The article is of unquestionable scientific quality. Randomised, double-blind clinical trials were selected, comparing a statin with a placebo or a statin at different doses, with more than 1,000 cases in each study and a follow-up period of more than two years. It is not a conventional meta-analysis; the authors used the individual data of the patients included in each study. In total, individual data from 123,924 cases included in 19 studies with an average follow-up of 4.5 years were analysed. The analysis methodology was correct.

The main objective of the study was to analyse potential side effects, especially those included in the product information lists. The hypothesis was that the lists of side effect warnings indicated in the “package insert” documentation are not based on scientific evidence, but rather on isolated observations or those described in general follow-up observational studies.

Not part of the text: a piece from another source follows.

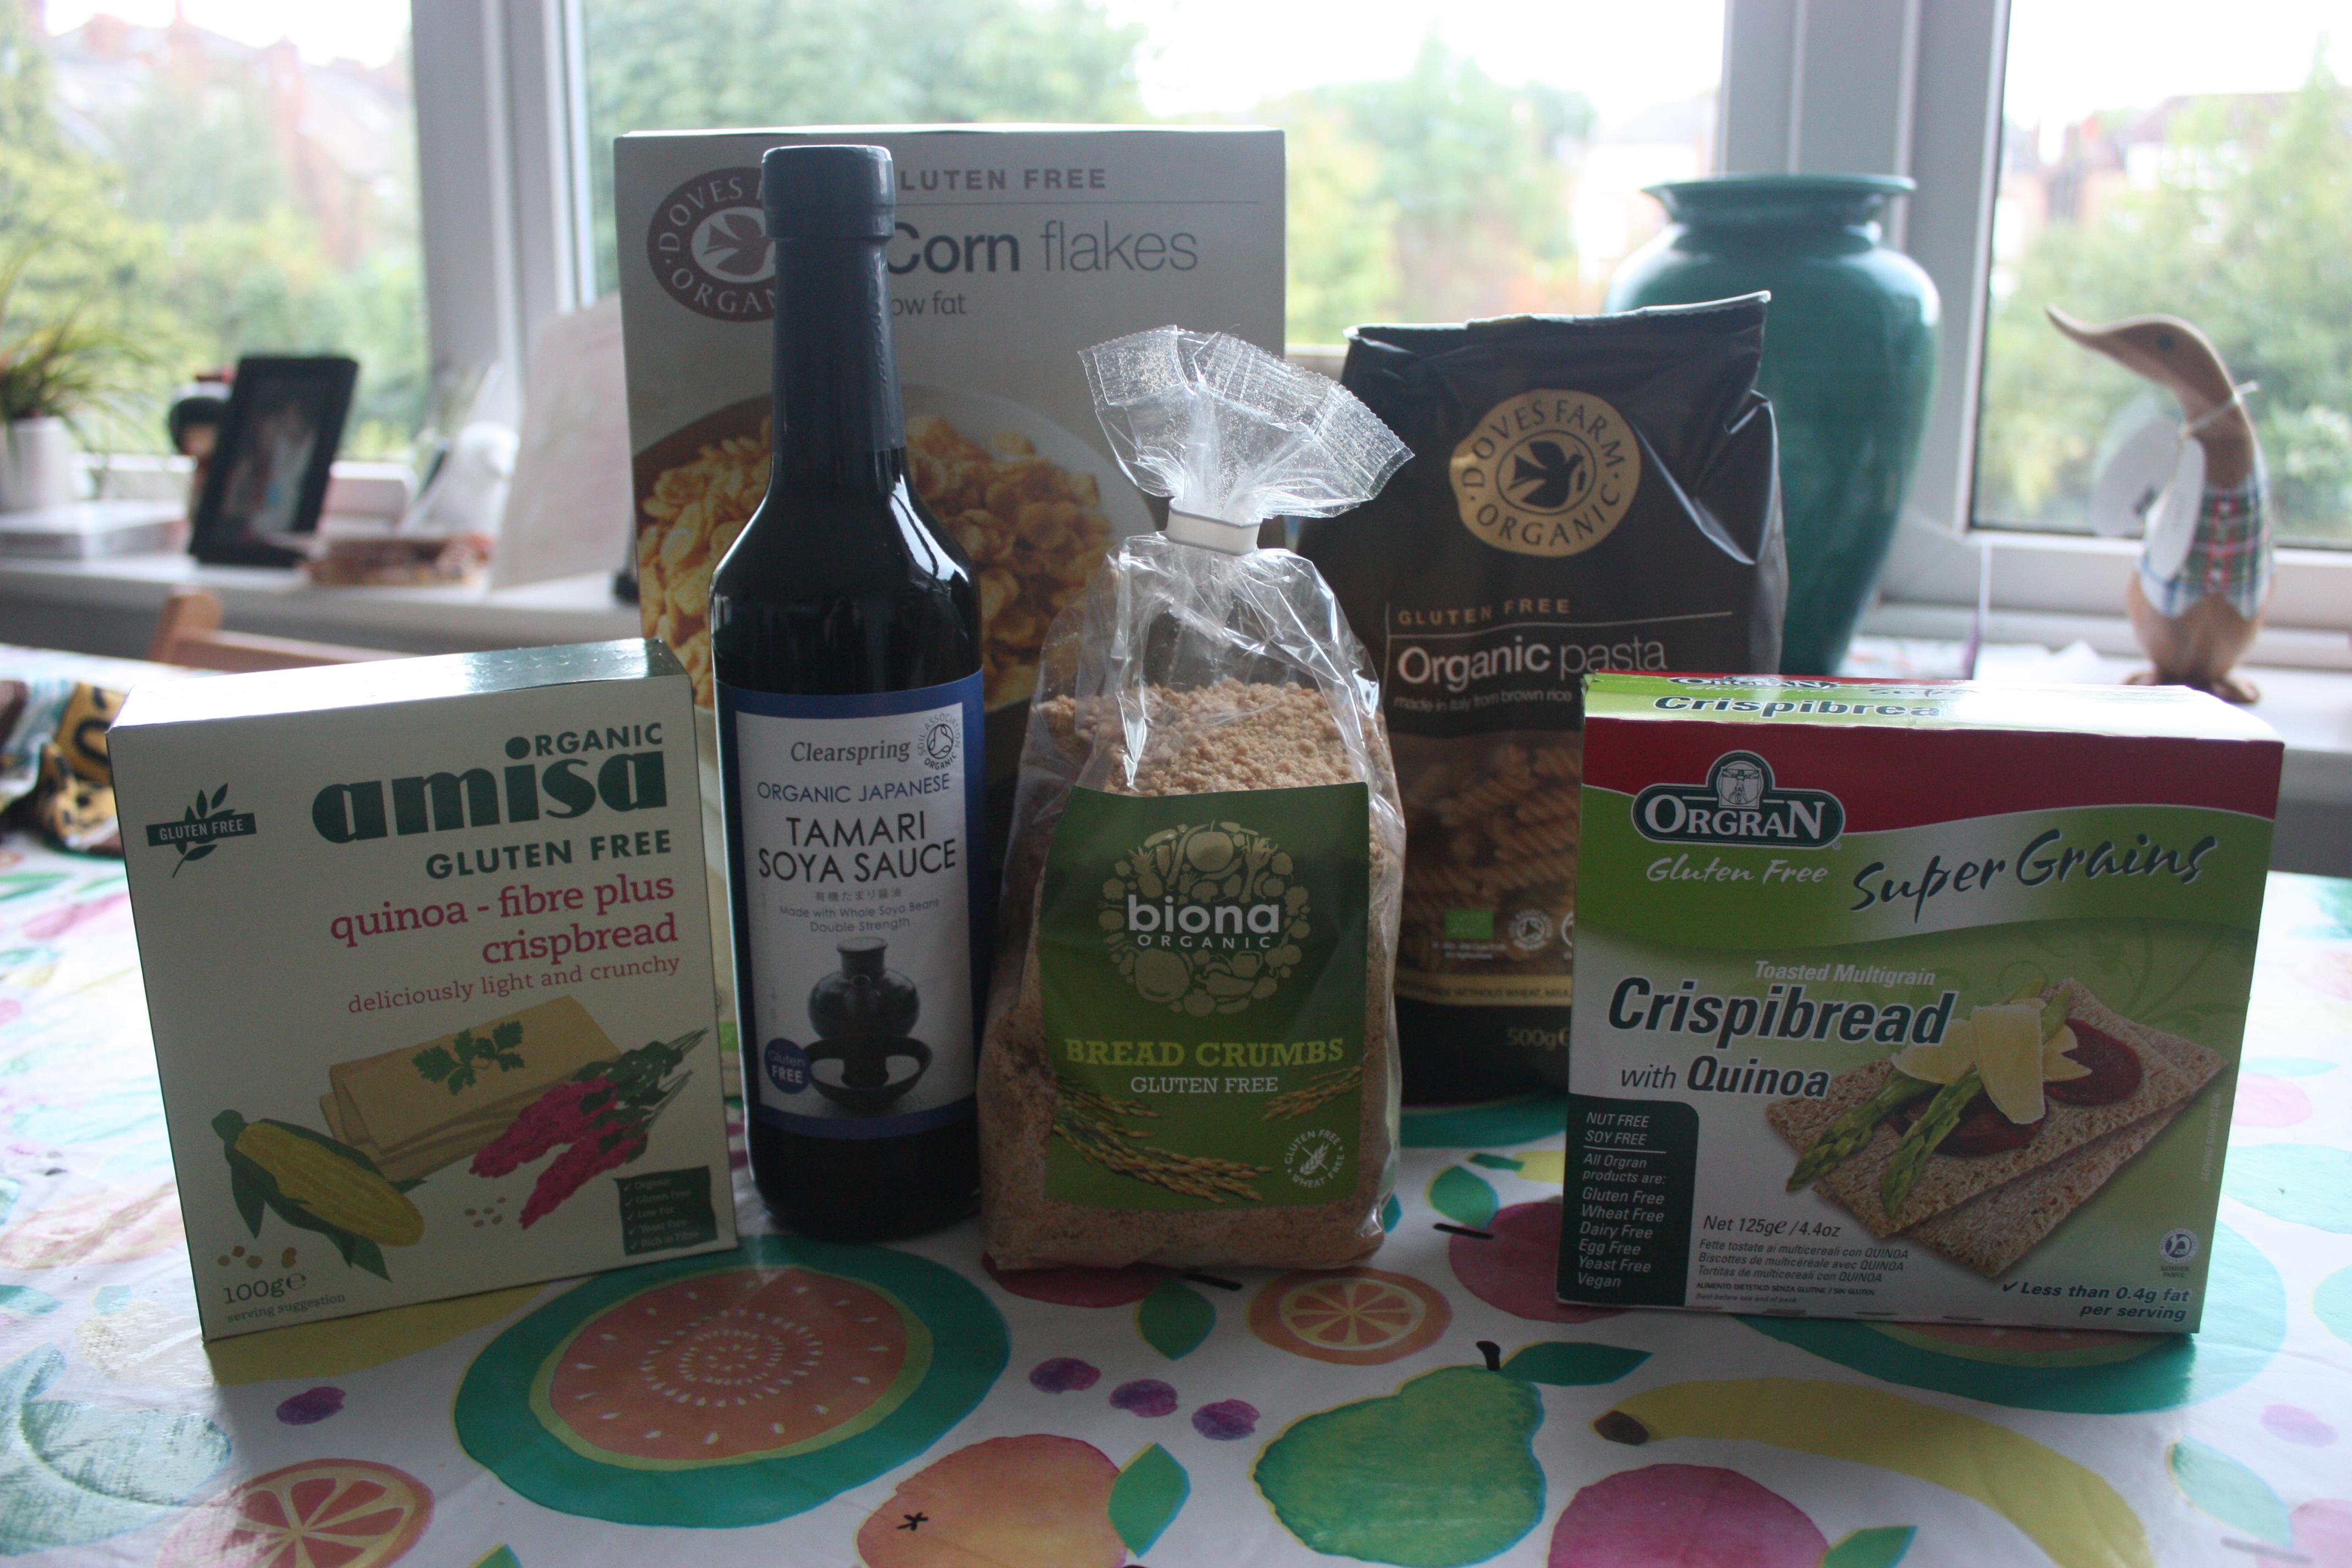 Planet Organic Gluten free haul

The evidence provided is devastating. Only four of the 66 side effects listed by the various regulatory agencies showed a statistically higher incidence in the statin group compared to the placebo:

• Muscle discomfort.
• New diagnosis of diabetes.
• Abnormal urine tests (0.03% excess per year compared to placebo (not significant in the text of the results, but it does appear in Figure 1).
• Abnormal liver function tests (0.13% excess per year compared to placebo).

The figures are excellent in terms of information, but they can be difficult to understand if you do not know anything about statistics. In any case:

• Side effects are more common with high doses of statins.
• The incidence of excess side effects compared to placebo is very low.

The study does not seek to compare with previous evidence, but rather with the “popular” perception of safety (among many doctors, patients and the general population). And, above all, with the warnings of regulatory agencies.

[Regarding possible limitations] All studies have limitations. In this study, they are the usual ones in clinical trials and are not significant enough to cast doubt on the results and conclusions. In this case:

• All statins are mixed together and the side effects may be different.
• For protection, people included in clinical trials are selected using inclusion criteria that exclude potential contraindications and comorbidities (other associated diseases), i.e. it is a population with a lower risk of complications and it is not known what happened to patients who did not qualify for inclusion in the studies. Those who are excluded fare worse and may have more complications.
• In all clinical trials, patients receive more medication than the study drug or placebo. They receive multiple medications for their diseases. Some of the medications may have similar side effects or additional benefits. To exclude the influence of other concomitant diseases and the potential effect of other medications, special statistical analyses are necessary to determine more accurately whether the effect of the study drug is independent of other factors (other diseases and medications). With such a high number of cases, it is unlikely that this type of analysis would yield different results, and it is not usually performed in the first evaluation.
• The analysis was done on an intention-to-treat basis, but there are patients on statins who stop taking the medication and patients assigned to placebo who start treatment with statins.

The patients included in the clinical trials analysed were selected based on safety criteria. Regulatory agencies consider all available information, including study data, safety observations, publications of isolated cases with significant complications, etc. Therefore, it is understandable that regulatory agencies are more restrictive and go beyond the safety conclusions demonstrated in clinical trials. In any case, agencies must change the information provided to patients (in package inserts) or they will be misleading consumers and healthcare professionals.

The results of this work should be considered a very important contribution to the safety of statins, which patients, doctors and regulatory agencies should be aware of and consider. But this study does not end with this publication. The database built with data from all the studies is immense and will provide more information: benefits, subgroups, etc.

My congratulations to the group of researchers who carried out the work, starting with the most difficult part: agreeing to pool the individual patient data from each study and obtaining authorisation to do so from the owners of the databases for each study, generally the commercial companies sponsoring the clinical trials. Bravo!